Work to complete →
Drop the images. Copy every line below character for character.

Data extract →

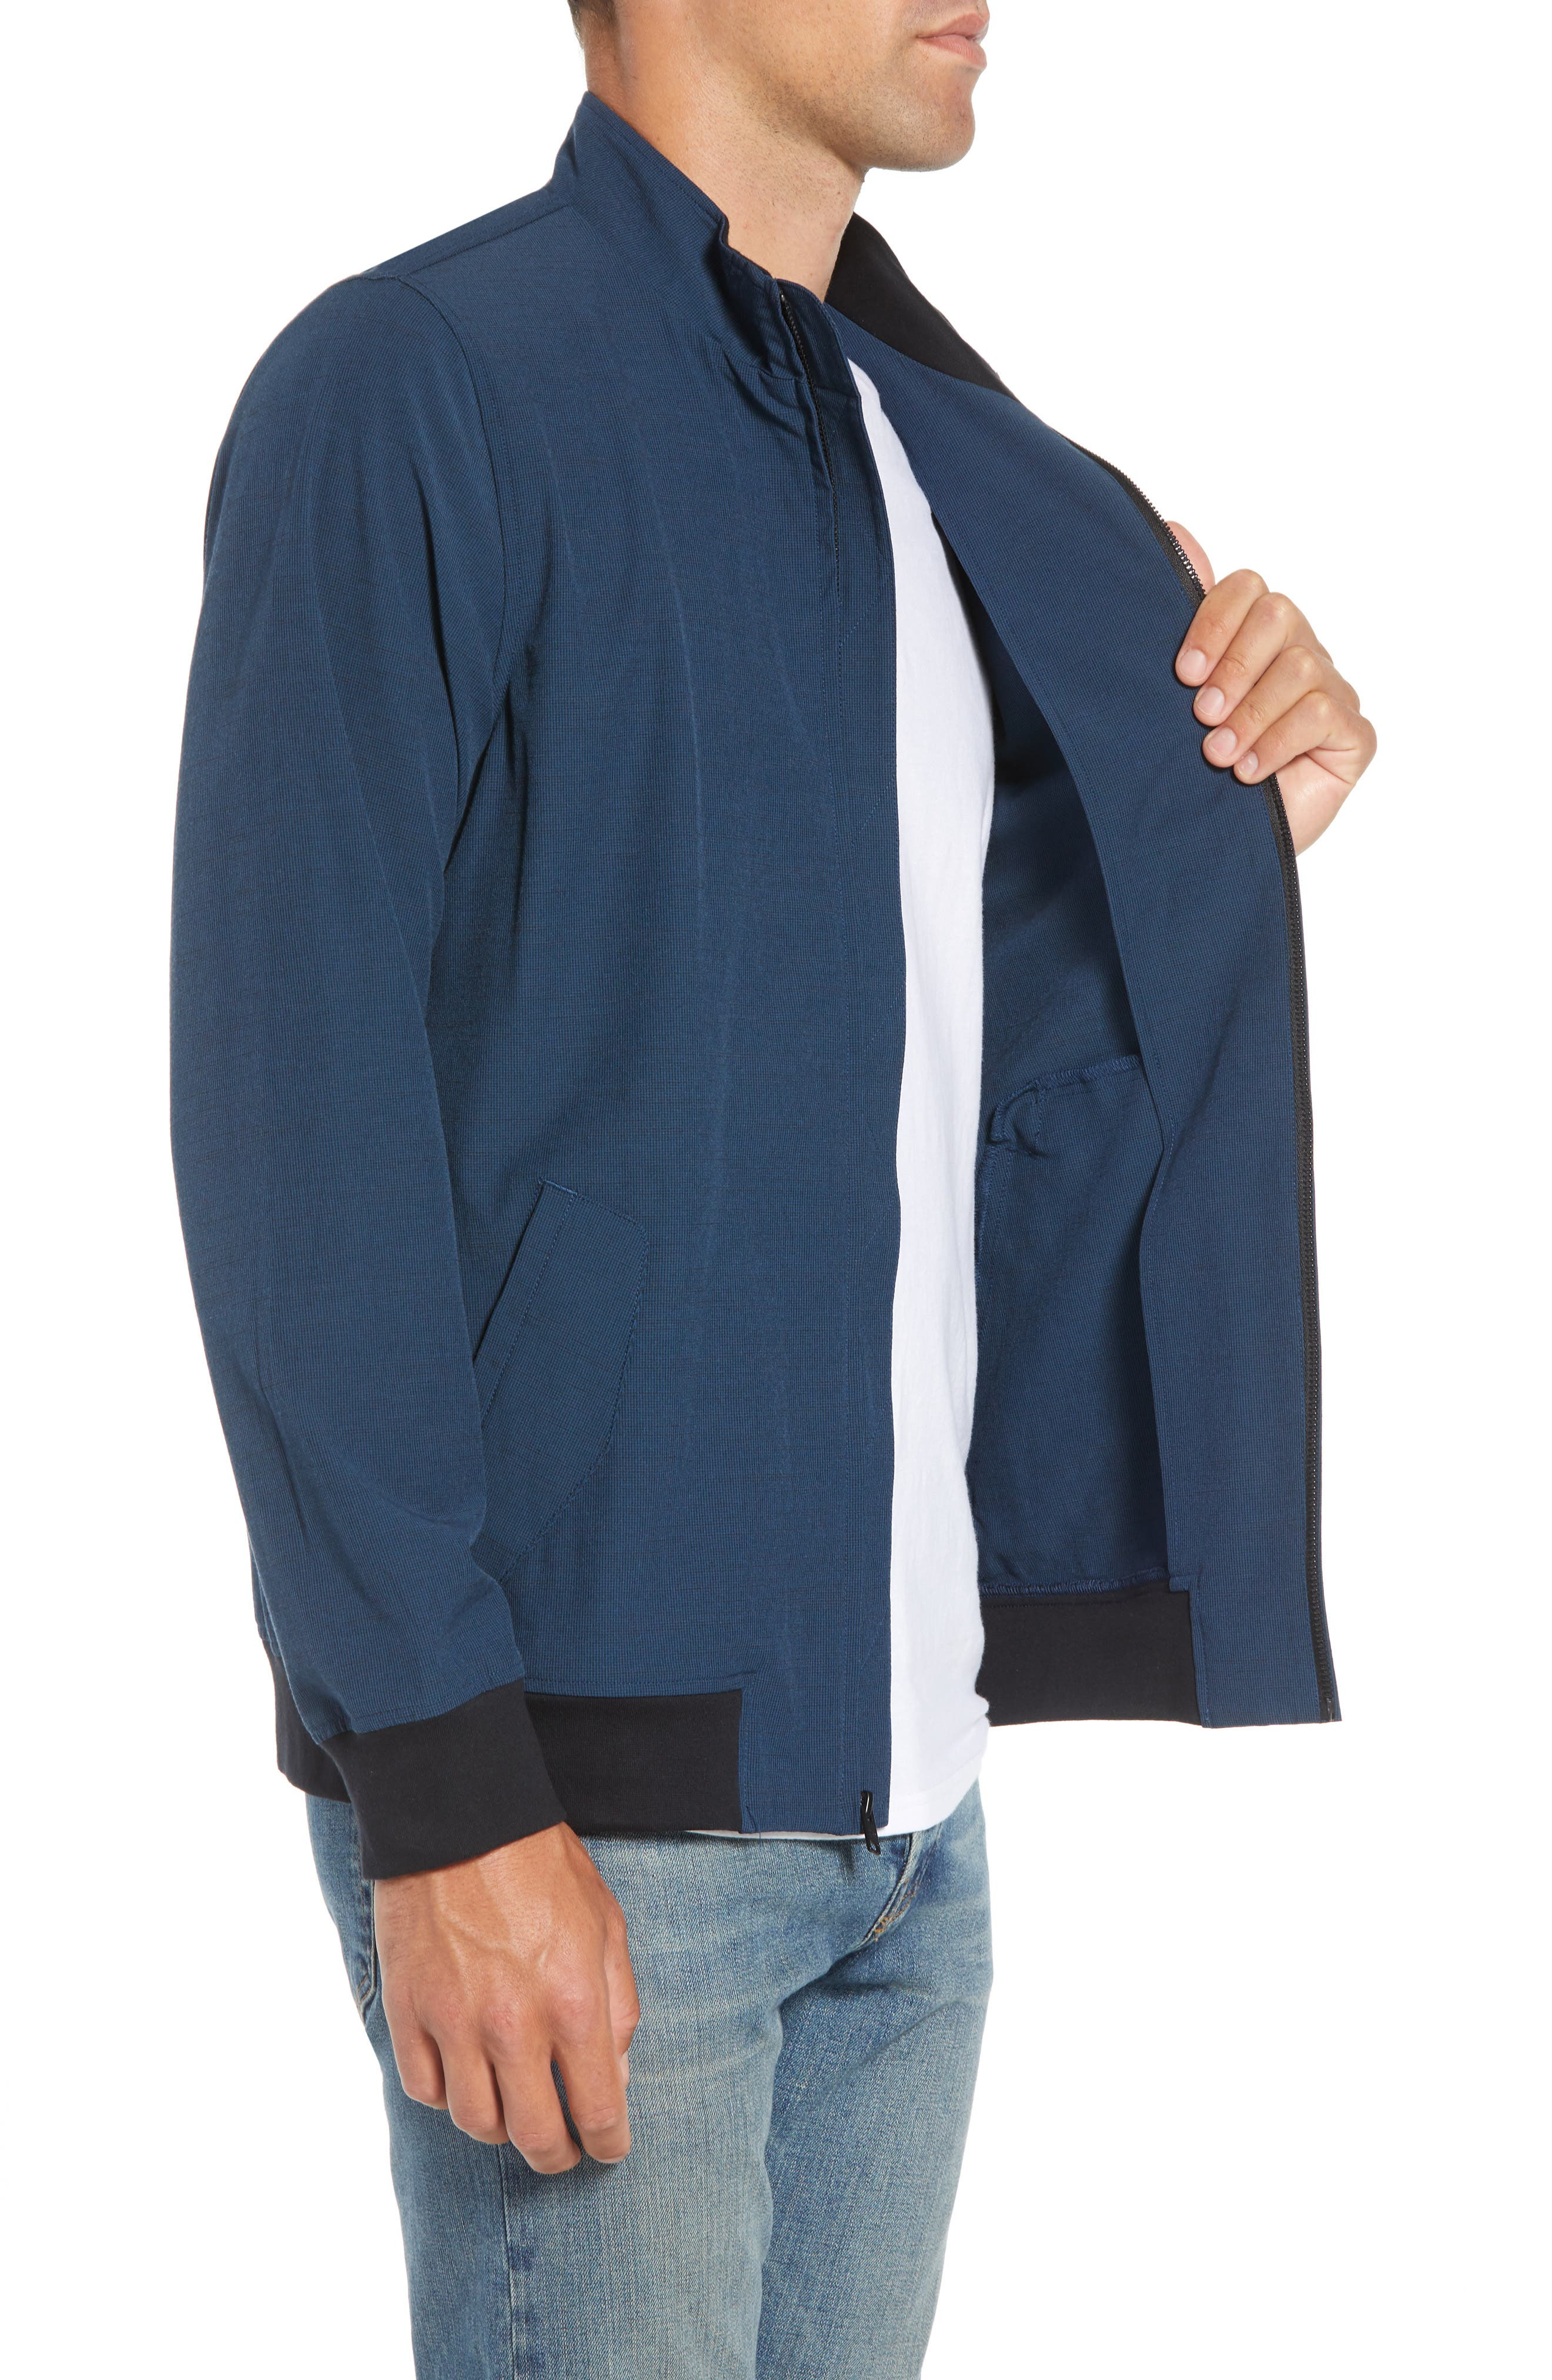 Ridgley Regular Fit Jacket,                             Alternate thumbnail 3, color,                             BLUE WING TEAL/ BLACK
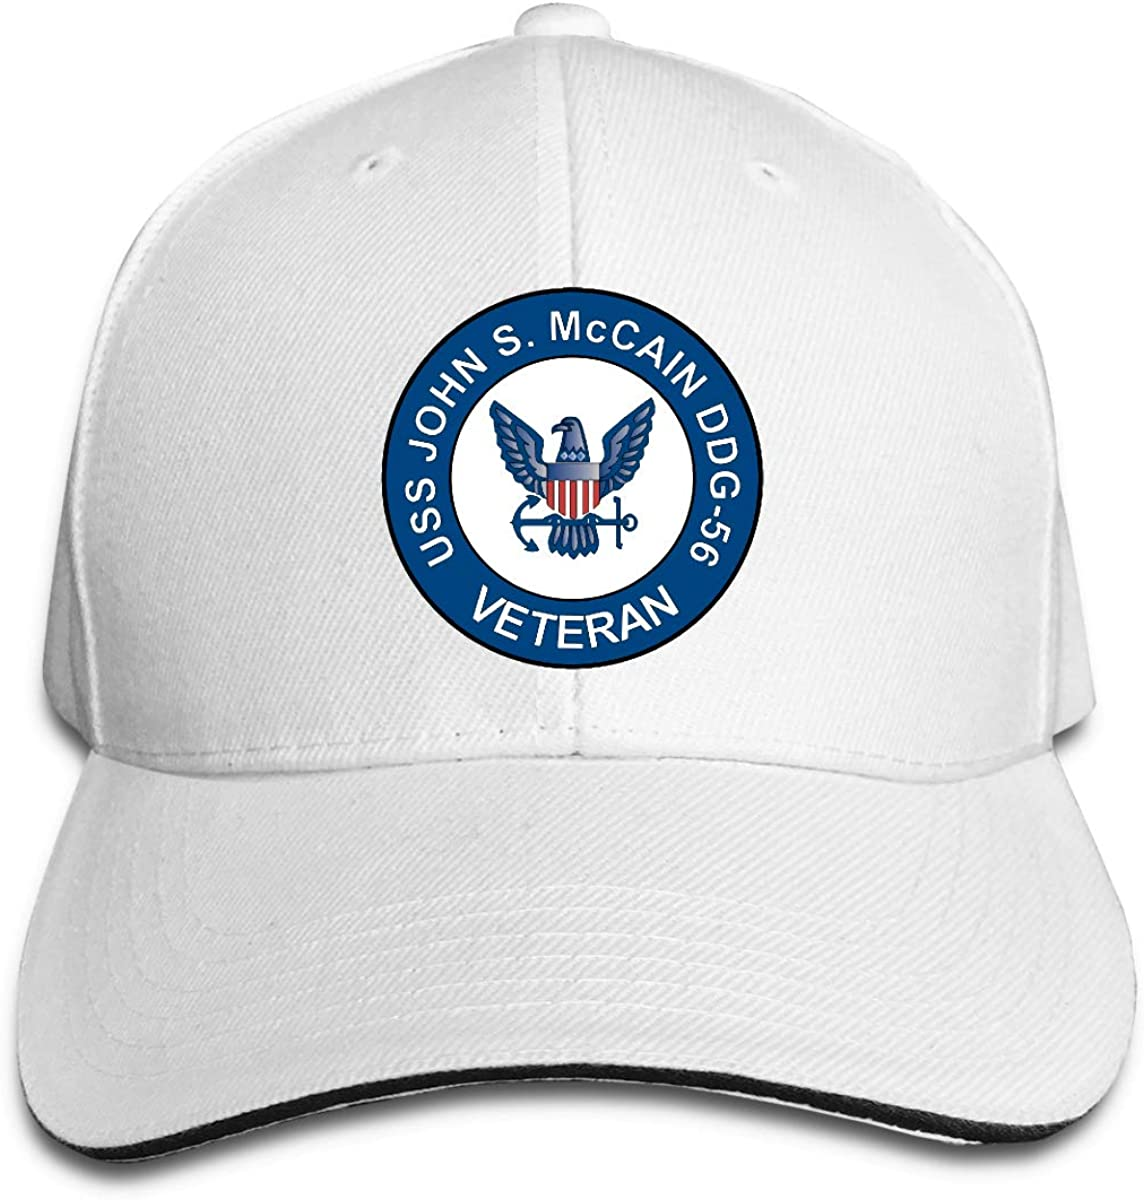 USS John S McCain DDG-56 Veteran Adjustable Baseball Caps Vintage Sandwich Hat
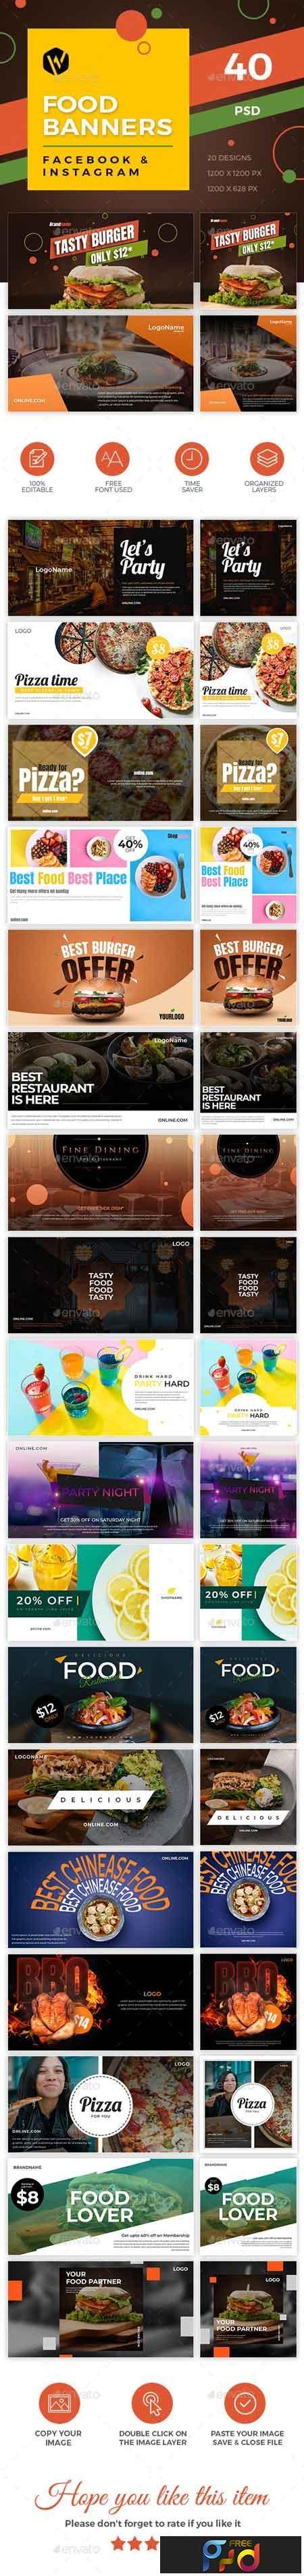 40 Food Banners - Facebook & Instagram 23188414 1
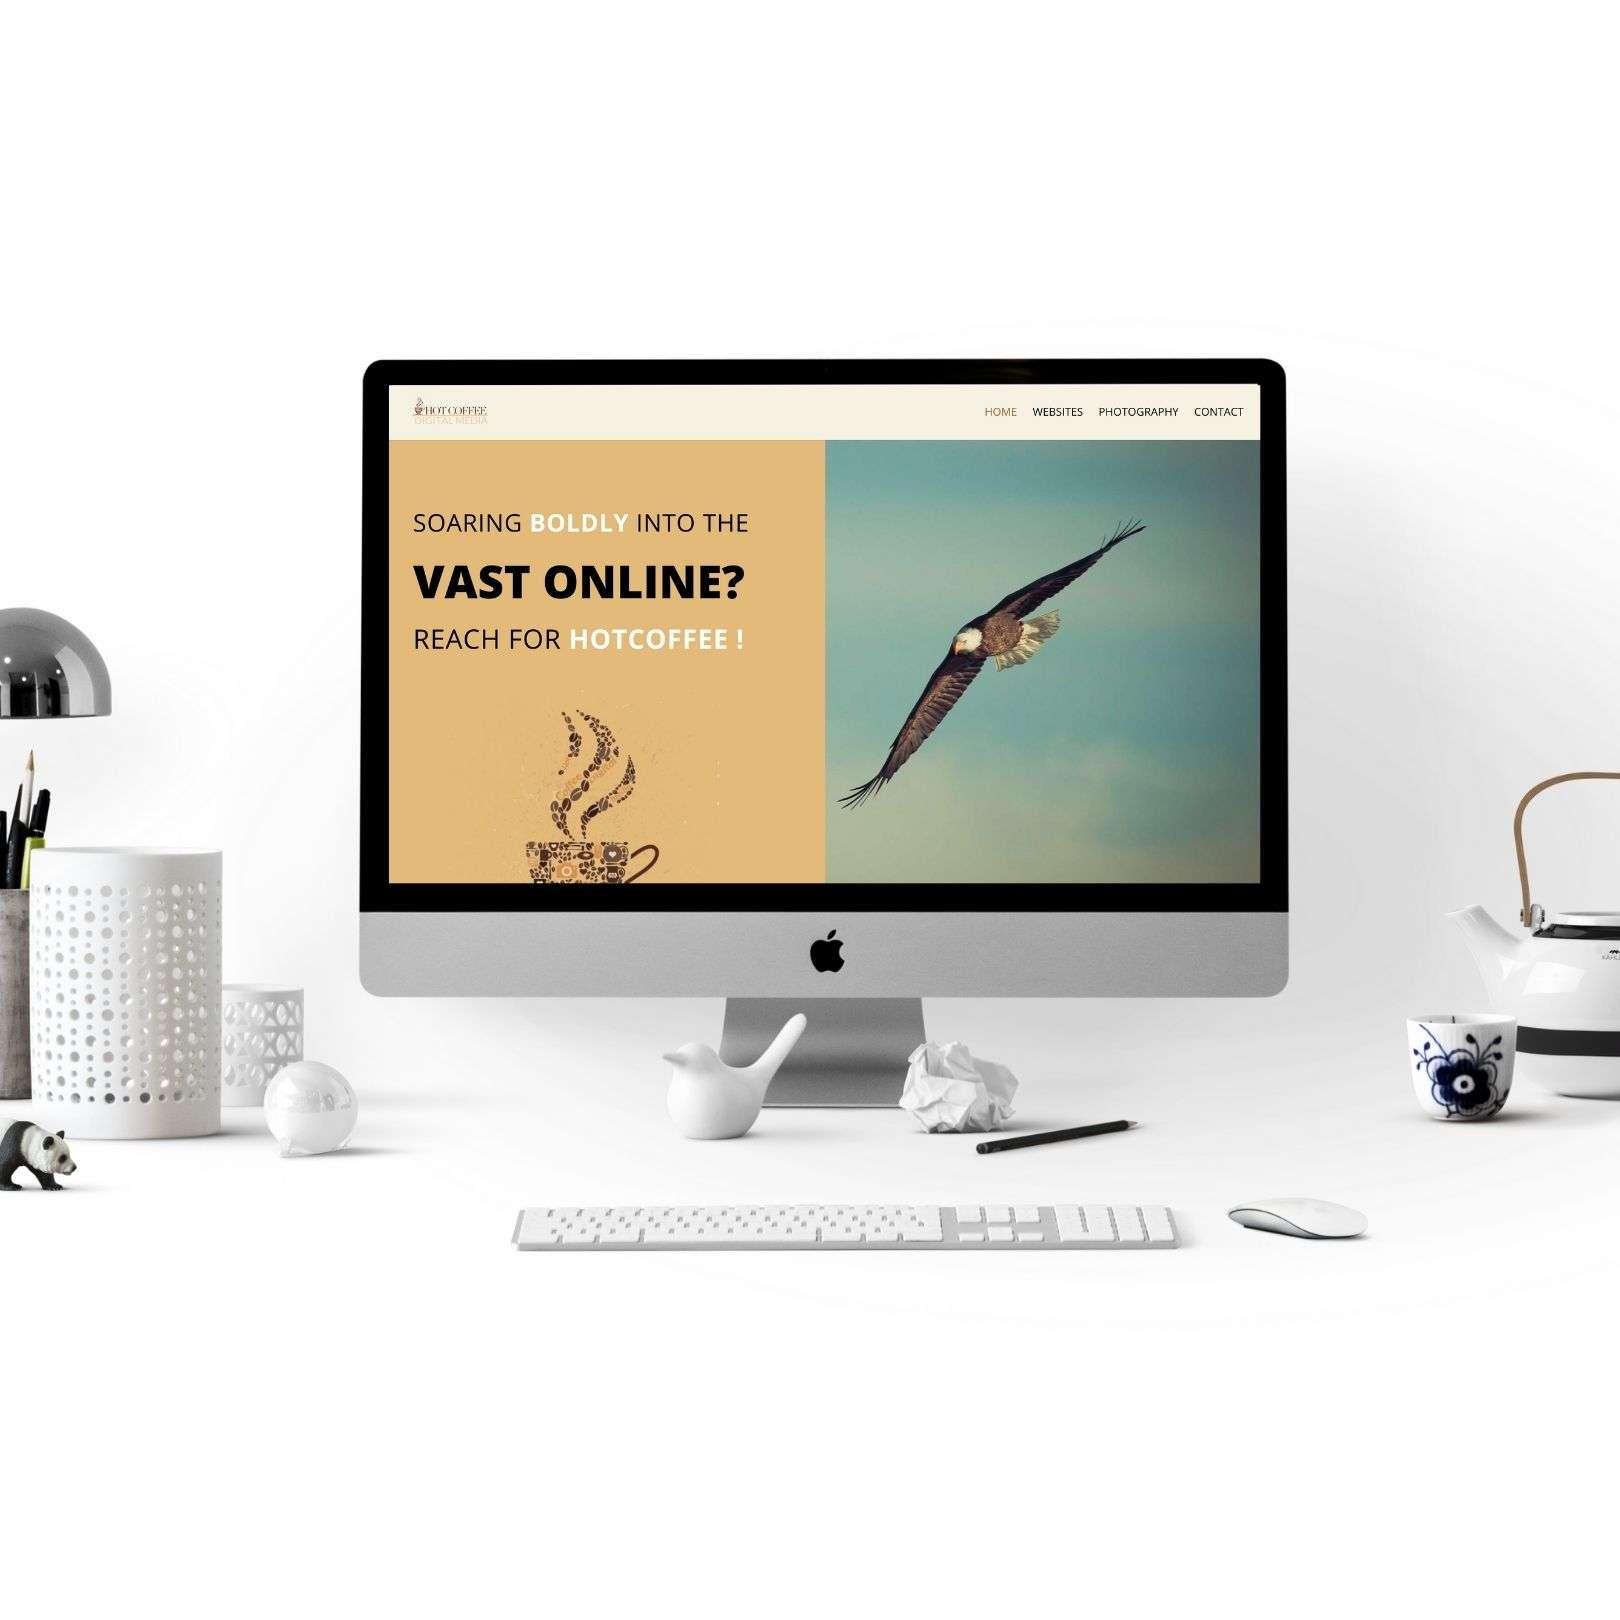 hotcoffeemedia website copywriting

Completed exercise →
 Ridgley Regular Fit Jacket,                             Alternate thumbnail 3, color,                             BLUE WING TEAL/ BLACK
 USS John S McCain DDG-56 Veteran Adjustable Baseball Caps Vintage Sandwich Hat
 40 Food Banners - Facebook & Instagram 23188414 1
 hotcoffeemedia website copywriting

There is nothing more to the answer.